The Cost of Naive Document Pipelines
Google Cloud Document AI charges on a per-page basis (typically $0.03 per page for invoices). While this seems small, processing thousands of documents monthly can rapidly accumulate significant costs. A common mistake developers make is processing every single document that lands in their input bucket and then filtering out irrelevant documents using post-processing code.
For example, if your pipeline needs to exclude certain invoices (e.g., sample documents or specific vendor types prefixed with "EX"), doing this check after the Document AI API call means you still pay for every page processed. If 20% of your documents are irrelevant, you are throwing money away.

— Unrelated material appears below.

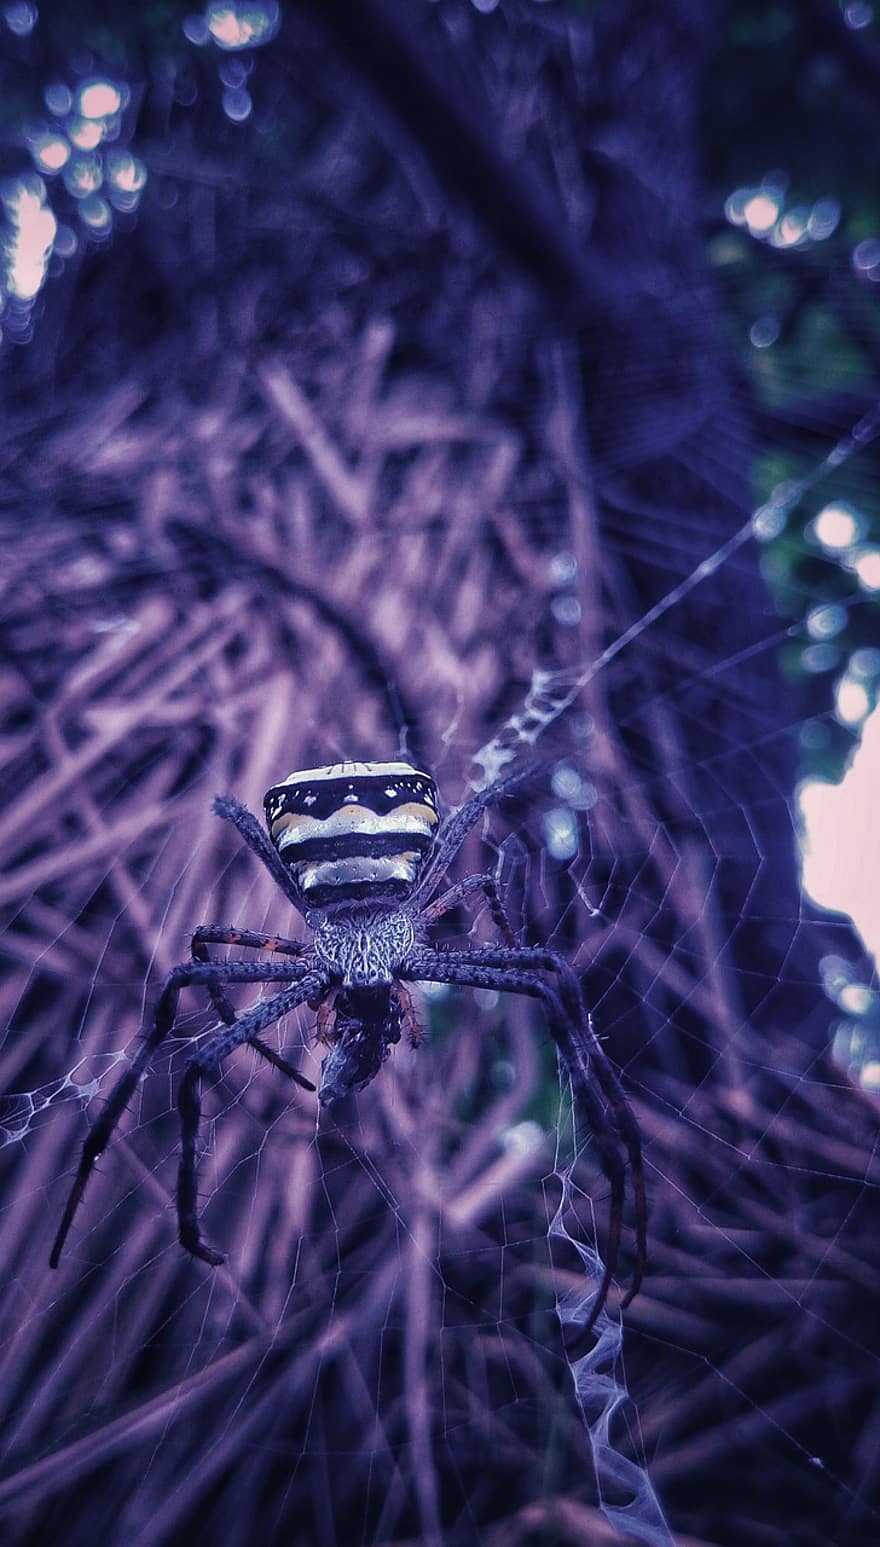 pavouk, pavoukovec, pavoučí síť, pavučina, web, koule, tkadlec, hmyz, arachnofobie, Příroda, volně žijících živočichů

The Solution: Move Filtering to the Edge
To optimize cloud costs, filtering must occur before the files hit GCS and Document AI. Depending on your architecture, there are two easy ways to implement pre-upload filtering.

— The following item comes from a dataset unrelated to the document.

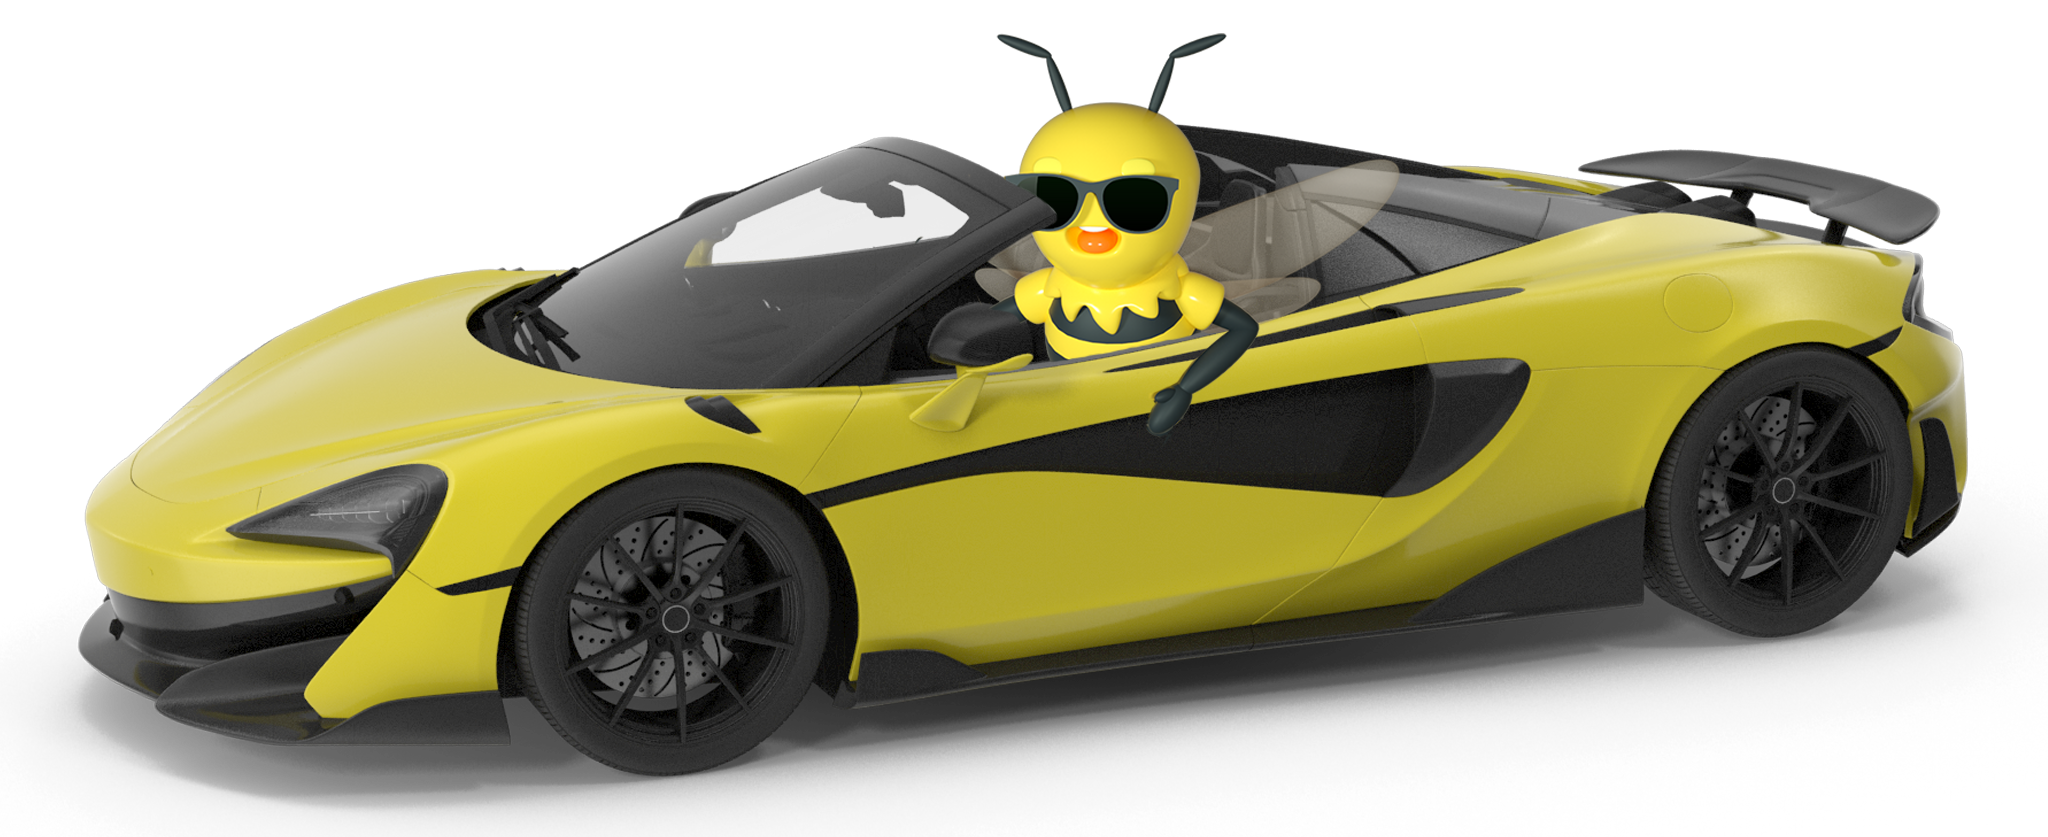 Buzzy Sports Car-1

Option 1: Excluding Files During Sync (using Rclone)
If you sync your files from a local machine or shared cloud drive to GCS using rclone, you can apply exclusion patterns directly during the sync command:
# Exclude invoices with "EX" in their name from being uploaded
rclone copy gdrive:Invoices gcs:my-bucket/input/ --exclude "*EX*.pdf"
Option 2: Deleting Files Post-Upload, Pre-Processing
If files are uploaded directly to GCS via an automated script or third-party, run a cleanup script in GCS before calling the Document AI API:
# Remove excluded PDFs using gsutil before starting the batch run
gsutil rm gs://my-bucket/input/*EX*.pdf
Comparing the Approaches
When deciding whether to filter before or after, keep this guideline in mind:
- Post-processing filter: Best when you need to audit every file, or you don't know which files to exclude until you parse their internal text contents.
- Pre-upload filter: Best when you can identify files by filename, file size, or metadata. It is the most cost-effective method.
Moving your filters to the edge of your cloud pipeline is a simple shift that can save hundreds of dollars on your monthly cloud bill.